# Dust control in basement



## Artisan1993 (Oct 29, 2011)

I've had an issue for a long time and I'm wondering if anyone has an idea for a solution. For several years I have had a small shop in my unfinished basement and its probably obvious that the ventilation in awful. Whenever I am routeing, ripping on the tablesaw, doing any kind of serious sanding, or anything else that produces a lot of dust, I wear a dust mask but its very annoying to wear it all the time (itchy, fogs glasses, etc.) plus fine dust coats pretty much everything in the basement. Its pretty bothersome and I see no solution, ideas anyone?


----------



## Artisan1993 (Oct 29, 2011)

also I should mention that I do realize I need some sort of dust collector but I am ignorant as to what sort of collector would be needed for this or if one even exists.


----------



## Dvoigt (Dec 6, 2007)

Well for starters, you need a dust collector if you have any hopes of eliminating dust. The HF dust collector is a good first start. You need to do your best to capture all the dust at the source first. So having some sort of dust collector that can be connected to each tool is the first step. If you have a contractor style table saw, you'll only get marginal dust collection on it thanks to the giant hole in the back. Once you have all that set up then you can look at one of those overhead filter to run when you are done in the shop to help collect any floaters. 

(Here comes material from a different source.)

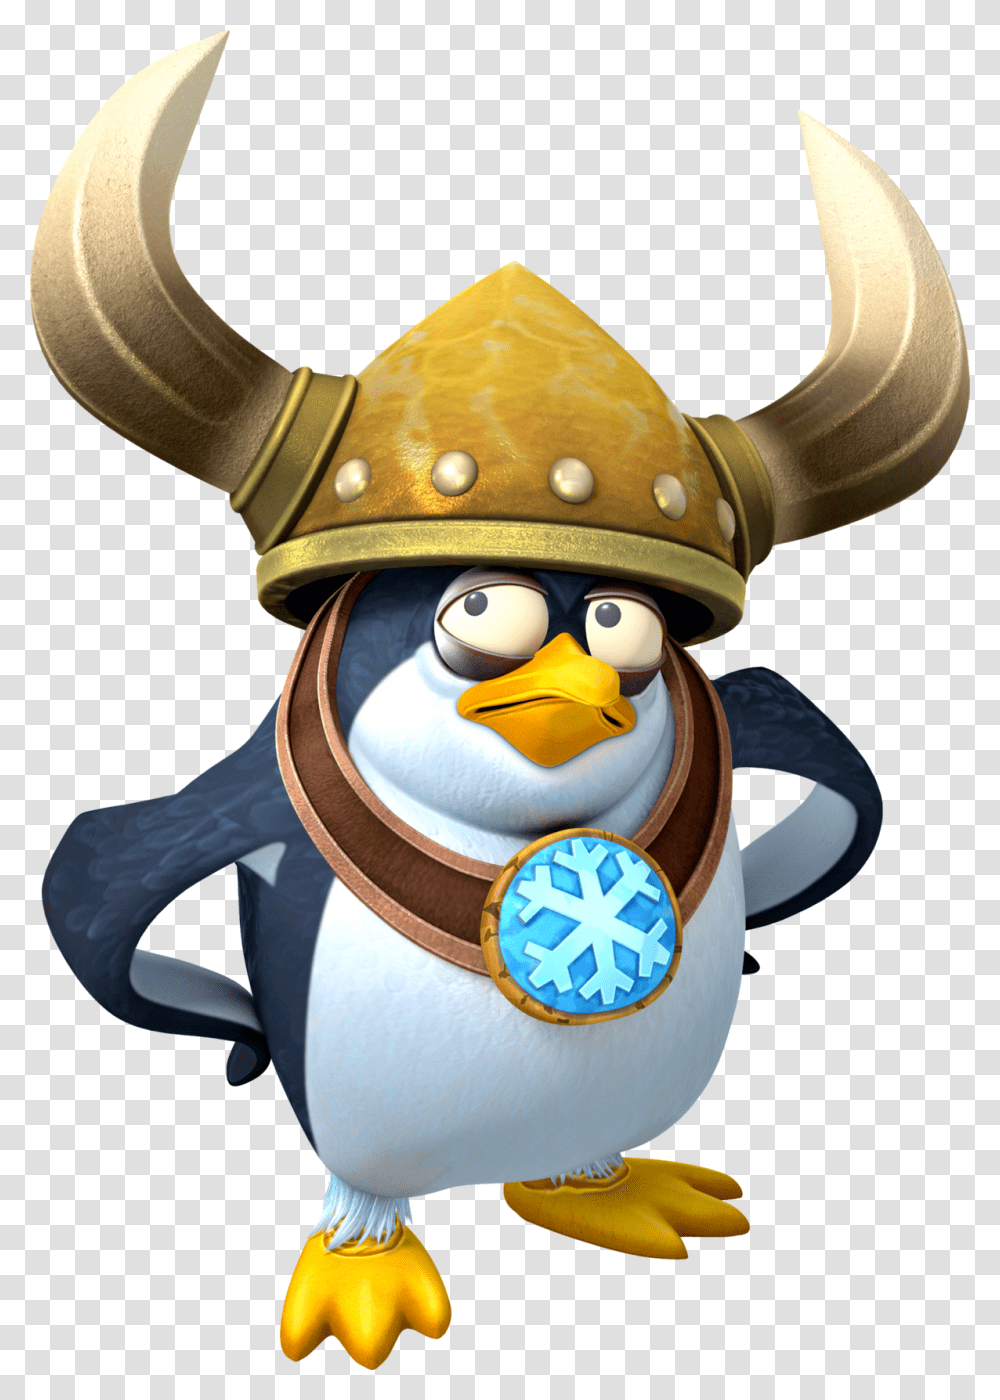 Donkey Kong Tropical Freeze Penguin, Toy, Angry Birds, Pottery Transparent Png

Even with all this, it is probably still a good idea to wear a mask at times, but maybe you can then avoid wearing it all the time.


----------



## woodnthings (Jan 24, 2009)

*there are 3 types of dust control*

!. A *whole room air "filter" *that hangs above and filters the room air, probably a good idea regardless of what other types you use.

2. A *shop vac* connected to the dust port on the tool, routers have an accessory gizmo from Rockler that catches the dust off the bottom. Sanders like Dewalt have a dust port for a little bag filter, basically worthless, but better than none. A shop vac with a reducer hose will work 100X better. 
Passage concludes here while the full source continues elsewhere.